Top of SOURCE MATERIAL
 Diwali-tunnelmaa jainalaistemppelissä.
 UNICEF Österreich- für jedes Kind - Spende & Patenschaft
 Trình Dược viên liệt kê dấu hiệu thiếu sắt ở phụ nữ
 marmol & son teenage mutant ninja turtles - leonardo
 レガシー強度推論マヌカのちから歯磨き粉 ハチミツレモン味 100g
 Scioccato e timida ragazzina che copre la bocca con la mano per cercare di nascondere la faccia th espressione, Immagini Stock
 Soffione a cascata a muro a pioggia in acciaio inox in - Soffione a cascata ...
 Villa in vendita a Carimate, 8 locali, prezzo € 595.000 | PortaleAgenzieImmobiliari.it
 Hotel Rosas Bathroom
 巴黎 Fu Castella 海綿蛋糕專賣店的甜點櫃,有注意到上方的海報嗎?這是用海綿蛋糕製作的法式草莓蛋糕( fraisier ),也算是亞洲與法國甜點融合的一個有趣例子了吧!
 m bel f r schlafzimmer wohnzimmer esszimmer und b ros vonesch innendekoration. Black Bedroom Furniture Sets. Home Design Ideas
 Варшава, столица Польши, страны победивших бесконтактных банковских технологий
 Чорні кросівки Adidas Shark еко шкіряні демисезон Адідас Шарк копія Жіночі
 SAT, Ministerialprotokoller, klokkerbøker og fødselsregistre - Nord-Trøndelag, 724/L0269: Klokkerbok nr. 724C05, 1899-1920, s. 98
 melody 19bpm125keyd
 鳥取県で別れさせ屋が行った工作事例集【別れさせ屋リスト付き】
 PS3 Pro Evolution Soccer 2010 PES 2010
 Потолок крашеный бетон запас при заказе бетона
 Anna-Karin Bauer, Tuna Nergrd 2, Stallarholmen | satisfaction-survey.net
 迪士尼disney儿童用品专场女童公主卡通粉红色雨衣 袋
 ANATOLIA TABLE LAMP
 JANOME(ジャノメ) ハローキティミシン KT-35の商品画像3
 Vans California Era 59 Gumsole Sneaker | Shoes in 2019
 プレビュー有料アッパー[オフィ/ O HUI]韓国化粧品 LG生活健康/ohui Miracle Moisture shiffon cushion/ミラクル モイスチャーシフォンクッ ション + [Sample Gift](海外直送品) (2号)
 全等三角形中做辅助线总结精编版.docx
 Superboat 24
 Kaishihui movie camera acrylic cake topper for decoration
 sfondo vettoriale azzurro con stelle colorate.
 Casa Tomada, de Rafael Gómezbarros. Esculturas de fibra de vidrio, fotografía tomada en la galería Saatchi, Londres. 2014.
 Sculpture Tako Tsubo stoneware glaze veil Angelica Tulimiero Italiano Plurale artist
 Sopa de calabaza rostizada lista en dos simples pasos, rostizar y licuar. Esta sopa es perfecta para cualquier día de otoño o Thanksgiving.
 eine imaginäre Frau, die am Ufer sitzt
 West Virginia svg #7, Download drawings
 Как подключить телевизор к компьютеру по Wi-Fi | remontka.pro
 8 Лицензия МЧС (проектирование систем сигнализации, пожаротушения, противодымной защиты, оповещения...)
Bottom of SOURCE MATERIAL
From the material above, retype precisely the lines between the line holding "Vans California Era" and the line holding "sfondo vettoriale azzurro", inclusive, and nothing beyond them.

▶ [TASK RESULT]:
 Vans California Era 59 Gumsole Sneaker | Shoes in 2019
 プレビュー有料アッパー[オフィ/ O HUI]韓国化粧品 LG生活健康/ohui Miracle Moisture shiffon cushion/ミラクル モイスチャーシフォンクッ ション + [Sample Gift](海外直送品) (2号)
 全等三角形中做辅助线总结精编版.docx
 Superboat 24
 Kaishihui movie camera acrylic cake topper for decoration
 sfondo vettoriale azzurro con stelle colorate.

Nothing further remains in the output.